# 1/4" collet for Chicago Electric 43585



## Disgrntld (Mar 29, 2008)

Hello all, this is my first post here..

The title says it all, does anyone know if I can get replacement collets for this Chicago Electric 43585? The manual doesn't say, at least I can't find it.

I have an adapter to use 1/4" bits in this router, but so far I've tried two seperate 1/4" bits and both have fallen out! :O I've cleaned everything and am not bottoming out the adapter or bit in the router.

If I can't find a 1/4" collet, does anyone know where I can find a pattern bit with a 1/2" shank? All the pattern bits I can find have 1/4" shanks (which is weird because there are laminate trimming bits of every size and shape imaginable).


----------



## Hamlin (Dec 25, 2005)

Hi, welcome to the router forums. 

Have you tried to contact the place in which you purchased it? They may be able to point you in the right direction.


----------



## bobj3 (Jan 17, 2006)

Hi Disgrntld

All I can say is put it back in the box and get a real router..

Sorry to be so frank but...well ..........

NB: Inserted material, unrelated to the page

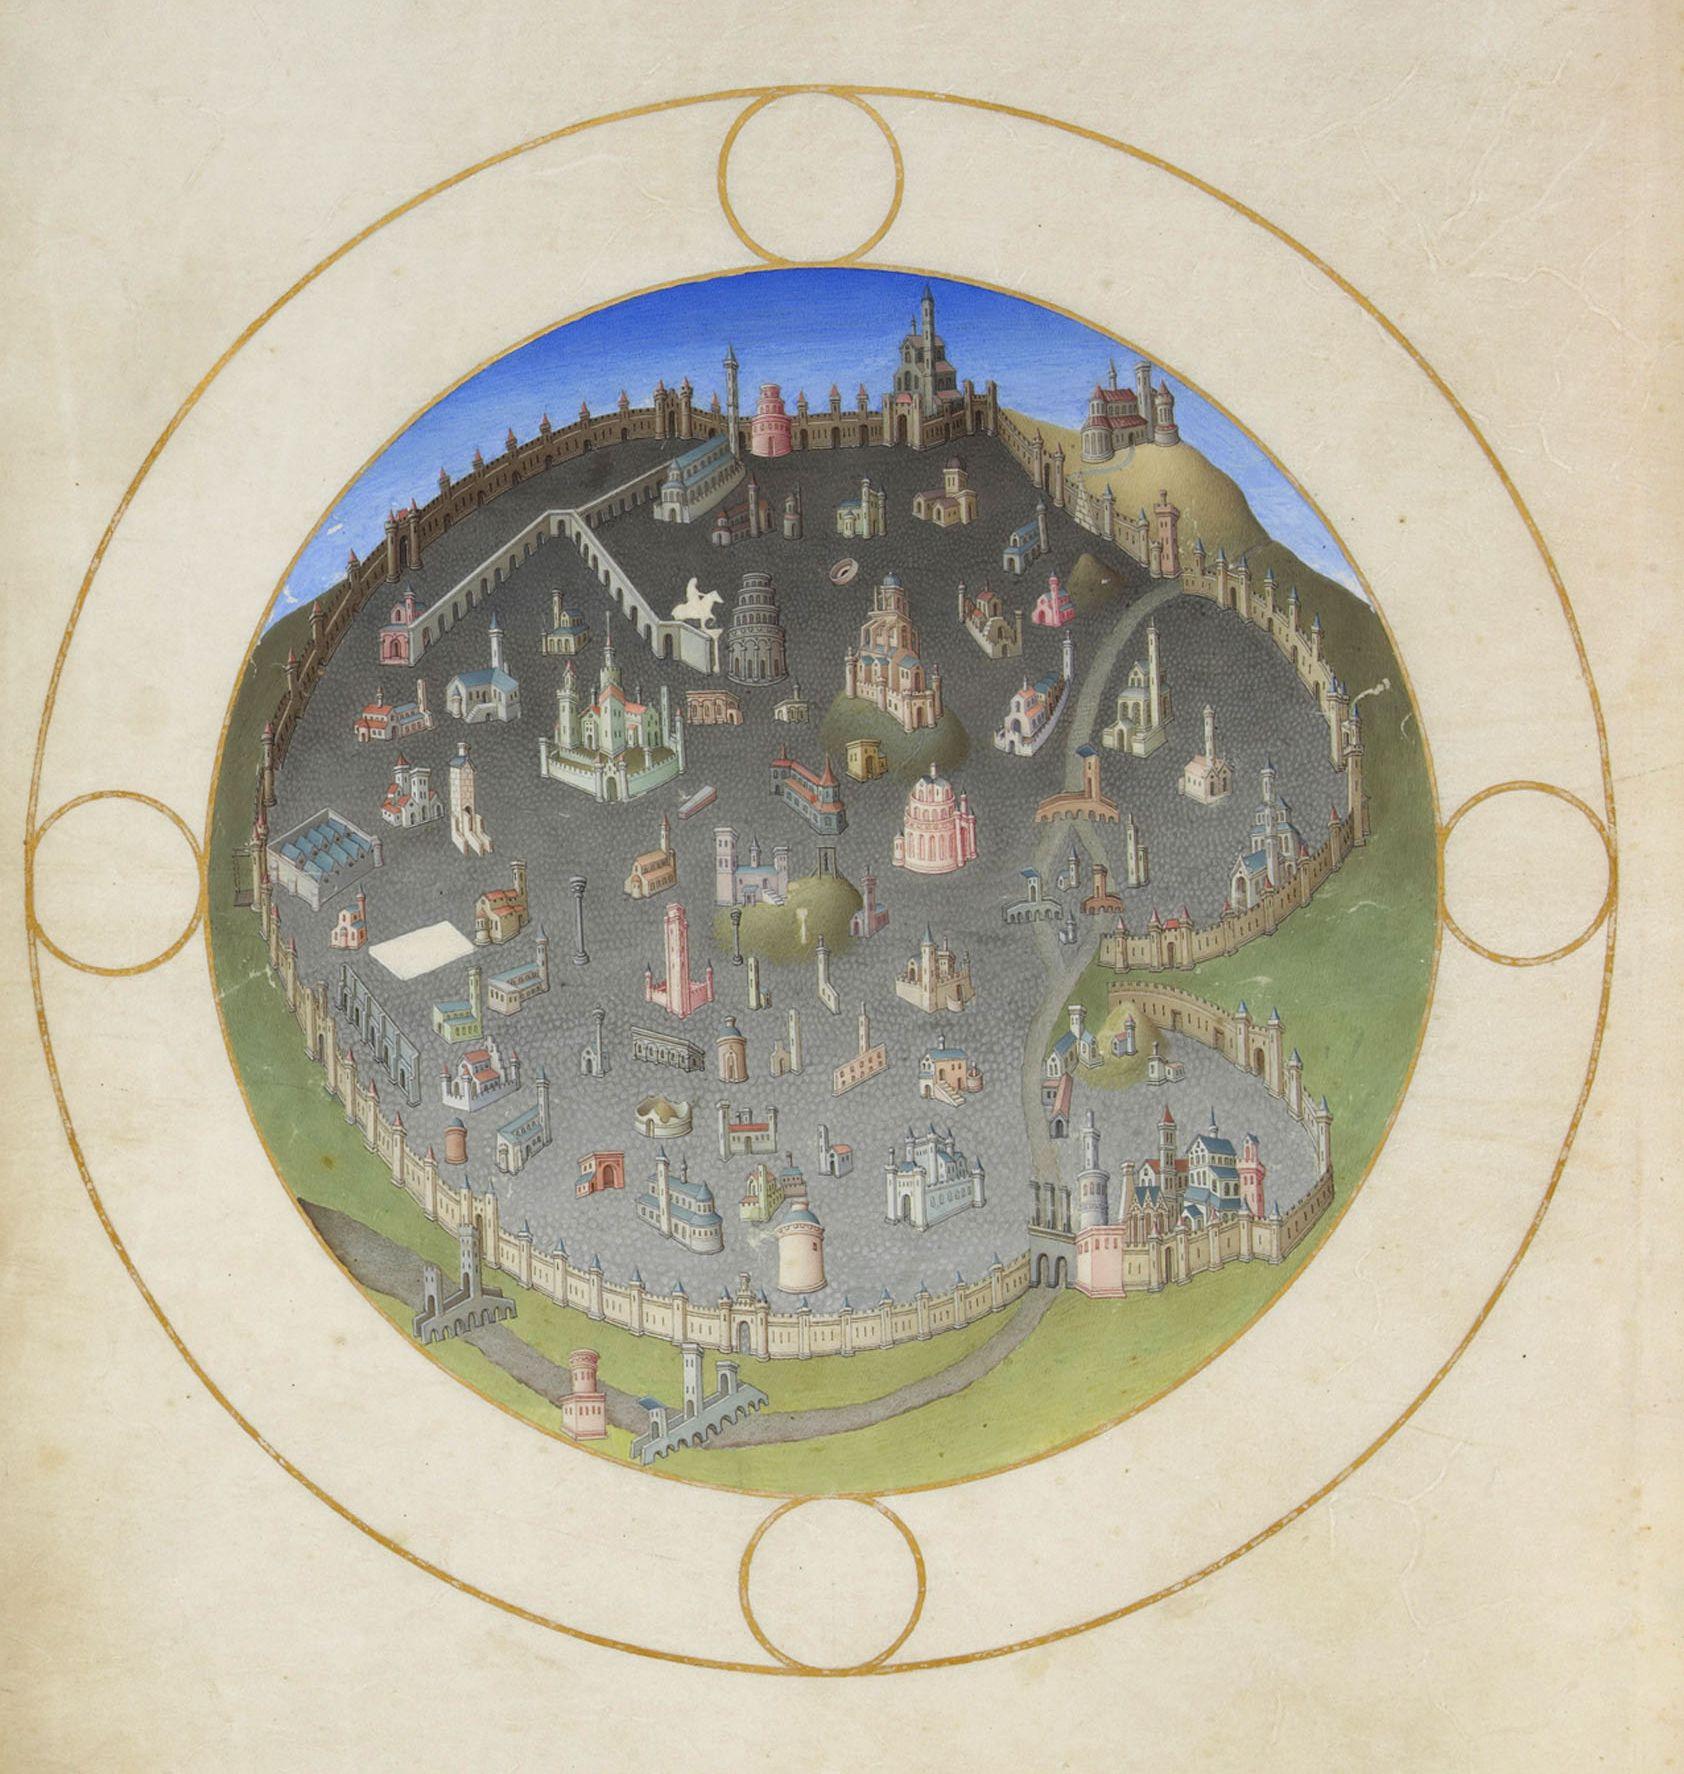 Folio_141v_-_A_Plan_of_Rome.jpg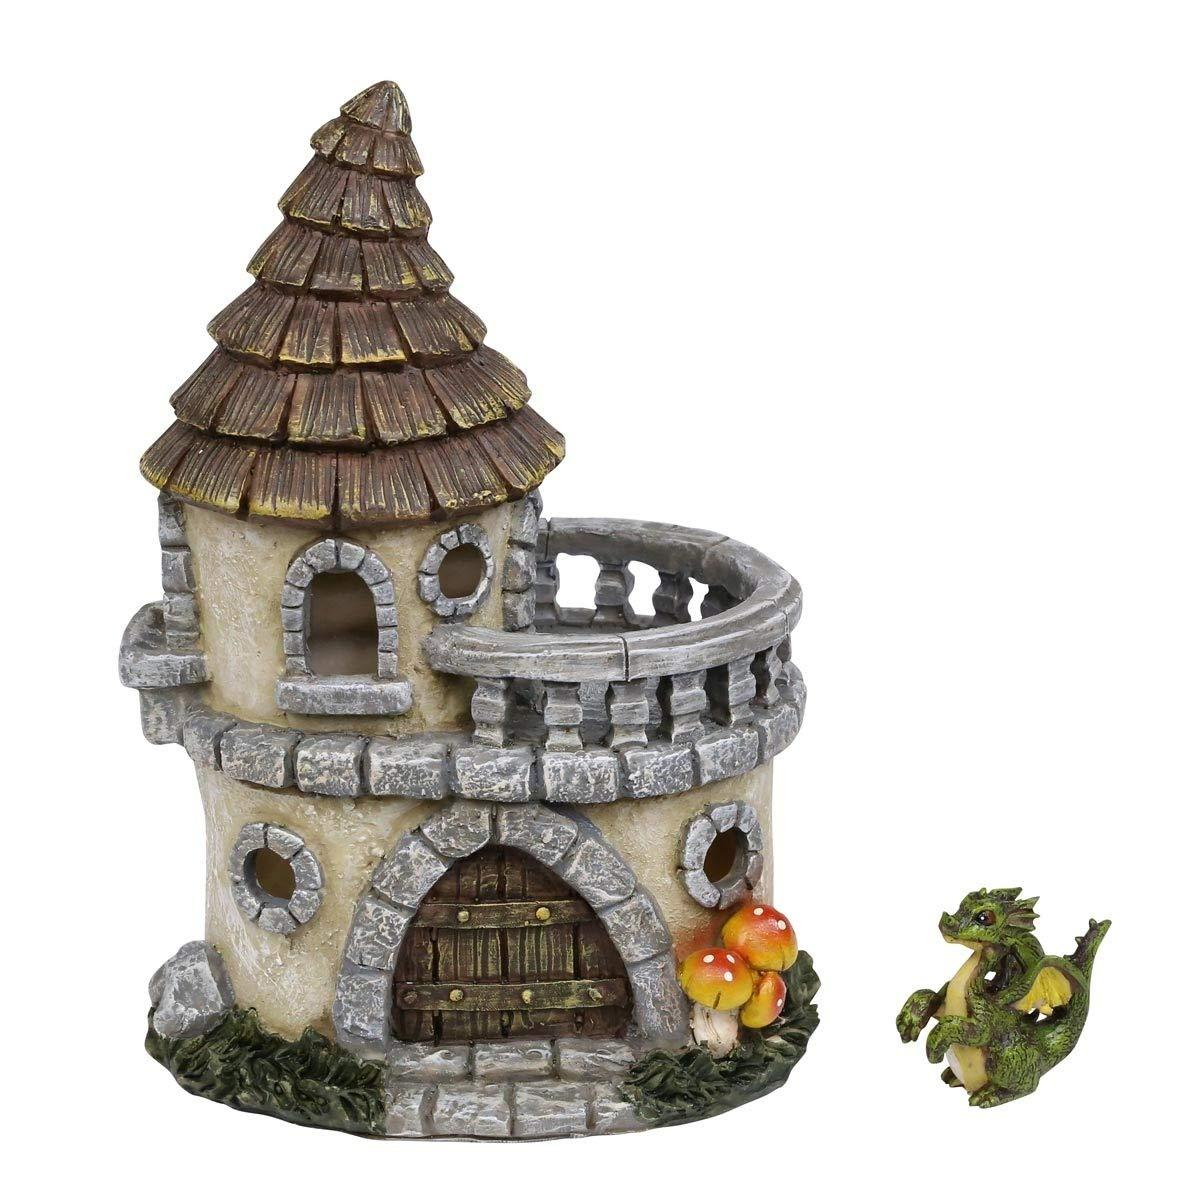 Alpine Corporation WQA671A Castle of Dreams Fairy House w//Dapper Dragon Figurine 9 Inch Tall Multi-Color

In this case you got what you paid for.. 


========





Disgrntld said:


> Hello all, this is my first post here..
> 
> The title says it all, does anyone know if I can get replacement collets for this Chicago Electric 43585? The manual doesn't say, at least I can't find it.
> 
> ...


----------



## mjeisenbaugh (Mar 3, 2008)

*Im with Bob on this one! Don't tell anyone you shoped at Harbor Freight for a power tool like a router! Hope you saved your reciept? If ya bought it on EBAY or some other auction site, well ya should have read most of the post here first!
Only thing Chicago tools makes that sort of is woth it is the small air compressor I bought my wife to use with her airbrush equipment. 
Hey she's happy, and doesnt know the difference, but my wallet did like yours buying that router.*


----------